~ Kim Kiyosaki
As my mind ran through all the mistakes I’ve made over the years, two thoughts came into my head.
First, I don’t consider a mistake something bad or something I wish I hadn’t done. A mistake, to me, is simply an action I took that did not have the outcome I intended. Every mistake I make teaches me something I didn’t know. Human beings are designed to learn from mistakes. The more mistakes I make, the smarter I become.
So even when I lose money on an investment, that loss tells me there’s something I need to learn. People who avoid making mistakes stay stuck, even trapped, by what they know. They rarely venture into untested waters and don’t learn anything new.
Second, I found that my mistakes–where the actual results didn’t match my intended results–fell into two main categories: 1. when I lost money or 2. when I lost a good deal.
These cases all had something in common. The mistake was not losing the money or losing the deal. That was the result. What was more important was what caused the result. That’s where the real mistake–plus the lesson–lies.
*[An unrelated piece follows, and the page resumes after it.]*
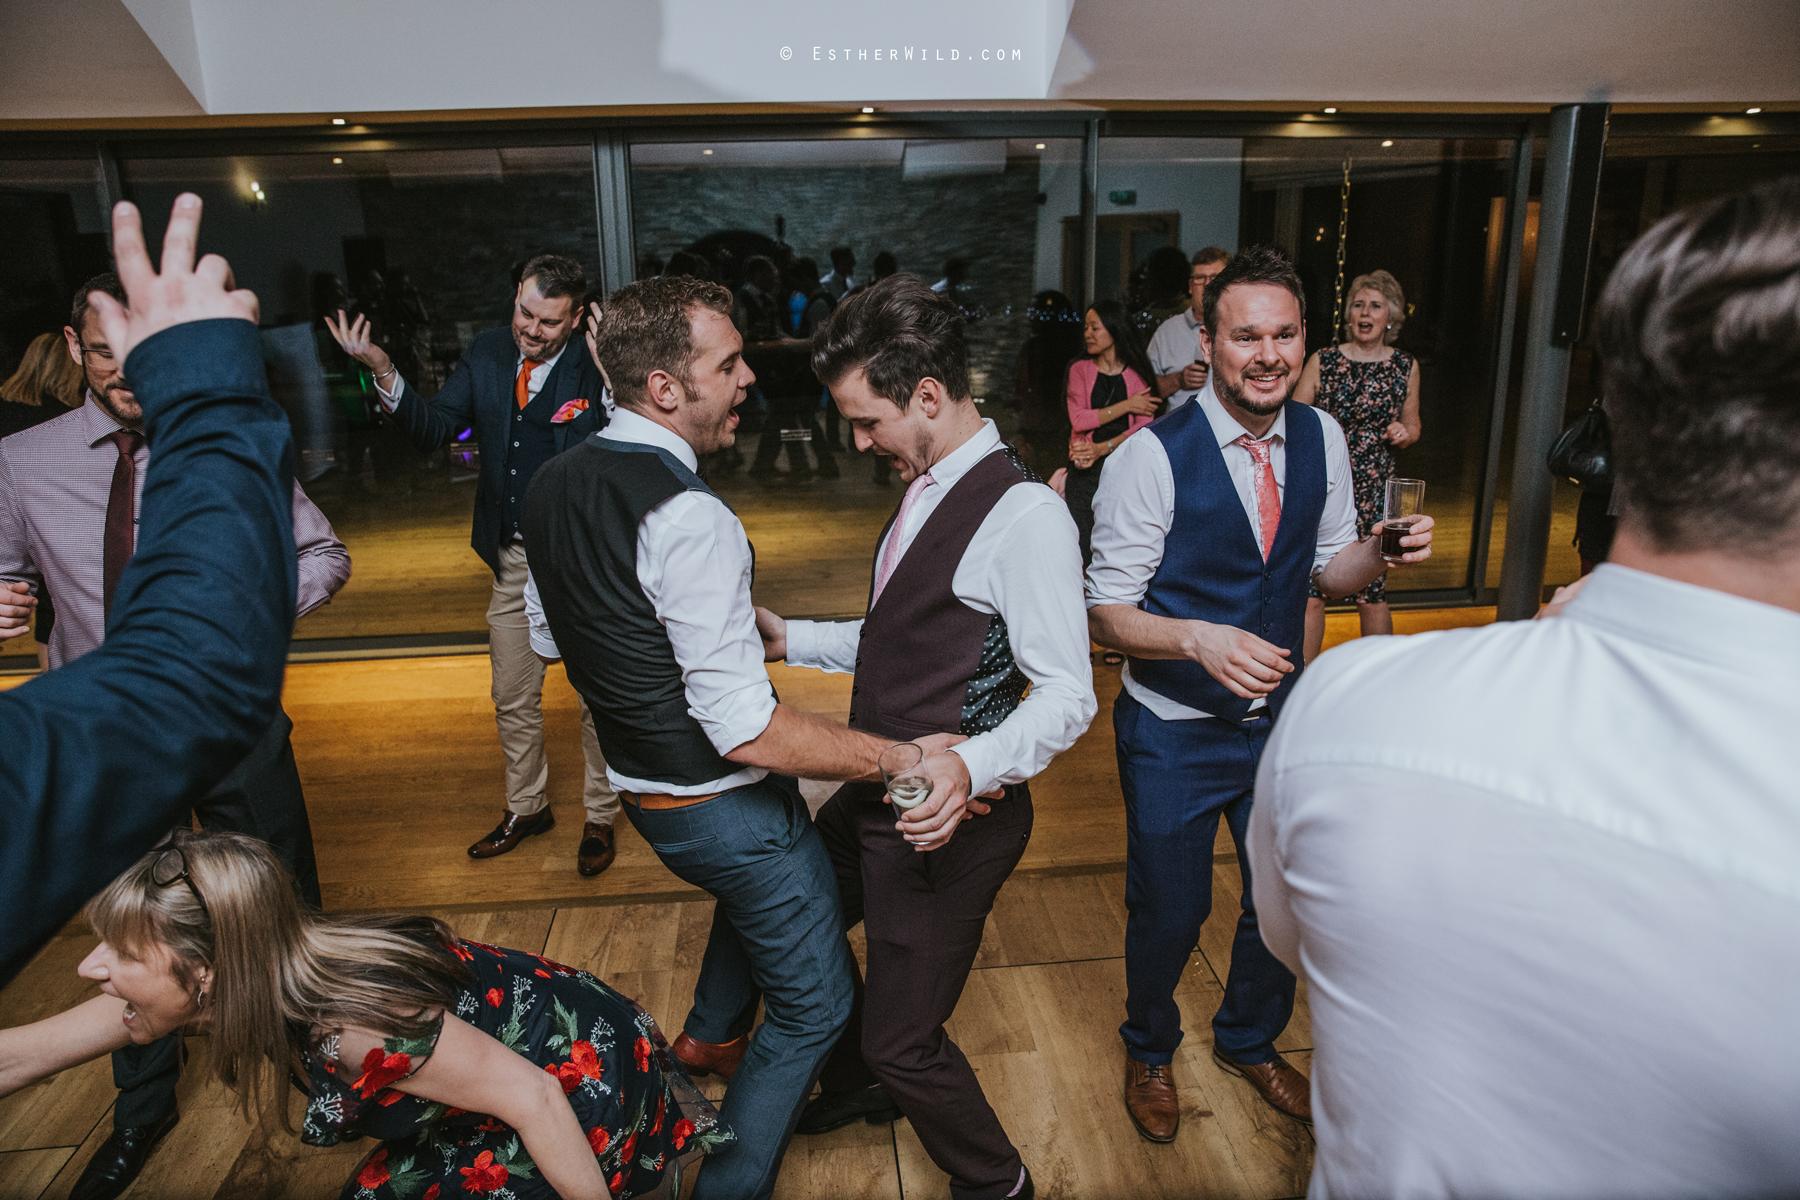 The_BoatHouse_Wedding_Venue_Ormesby_Norfolk_Broads_Boat_Wedding_Photography_Esther_Wild_Photographer_IMG_3833.jpg

It turns out that every memorable and costly faux pas I made was the result of the same simple but powerful failing: My biggest investment mistakes occurred at times when . . . I did not trust my gut.
It was those times when I doubted myself: when something sounded so good it had to be true (that’s also known as greed) or when I allowed the so-called experts to talk me out of it.
Not trusting your gut, also known as not following your intuition, can last just a moment. It’s when you see or feel something, as subtle as it might be, and you ignore it.
“No, I must have heard him wrong.”
“I’m sure this case is the exception.”
“But all my friends have invested in this. They must know something.”
My “mistakes” occurred when I didn’t listen to the warning signals going off, and that’s when I got into trouble.
It may be as simple as a gut feeling that says, “Sell those ABC stock shares now.” Then the broker talks you out of it . . . and the shares go downhill. I’ve done that one.
Or when I knew, from one snapshot moment, that I should walk away from a deal because my gut was screaming “No, no, no!” I went through with it because the returns being reported were better than anything I had seen–and I wanted those returns. Here’s the story that goes along with that scenario:
My husband Robert and I met a man who owned a hedge fund while we were attending a stock-trading seminar. Several knowledgeable investors we knew were investing with him and telling us about the incredible returns they were getting. We were interested. So interested, in fact, that we made a special trip to his firm’s offices in Florida to conduct our due diligence on the company.
This man claimed to have designed a unique and confidential trading system that was the core of his success. He had just refurbished and moved into plush offices. I made a mental note of the high overhead he was paying monthly. What we heard and saw did not set off any alarms. That night he and some members of his executive team took us out to dinner at an upscale steakhouse.
This man had made a strong point of telling us what a good Christian man he was. Now I don’t care whether a person is Christian, Jewish, Buddhist, Muslim or Hindu. However, I’m a strong believer in practicing what you preach; if this man goes out of his way to share his religious principles with me, then I expect him to act in a way that is congruent with those principles. Not the case here.
During dinner, and after a bit of wine, this man and his cohorts turned into the most obnoxious, rude, womanizing and embarrassing people I had ever been around. Diners near our table were getting up and walking out. At that point I knew in my gut that, at least on the “Christian” level, this man did not practice what he preached. And my instincts raised the red flag: “Where else is he not practicing what he preaches?” That was the moment I should have walked away.
The next morning I had convinced myself that maybe this was just a fluke. Maybe this man was just letting off some steam. “Can I really judge a person’s character from one incident?” I asked myself.
Why didn’t I trust my gut? Greed. The returns on his investments were far beyond the average. People I spoke with who were investing with him sang his praises. I could certainly overlook this one flaw if it meant I’d make a lot of money, I rationalized.
So Robert and I invested money with this man. The statements we received showed beautiful returns–on paper. We were about to invest more money into the hedge fund when Robert brought home a copy of a well-known investment newspaper. On the front cover was our friend, Mr. Hedge Fund, sitting on the beach with the headline, “Would You Trust This Man With Your Money?”
At first I was shocked, and then I began defending the guy. “It’s probably a disgruntled employee wanting to get even,” I thought.
In fact, this man conned his investors out of millions of dollars that he spent on everything from a new house to a new boat. He’s in prison, and investors may get about 10 percent of their money back.
The lesson for me was this: Had I trusted my gut at that defining moment at dinner when I knew something was not as it should have been, I would have saved myself money, distress and frustration.
Mistakes are truly mistakes only when you cover them up and pretend they didn’t happen; if you do that, you learn nothing. And in that case, you’ve just wasted a perfectly good mistake.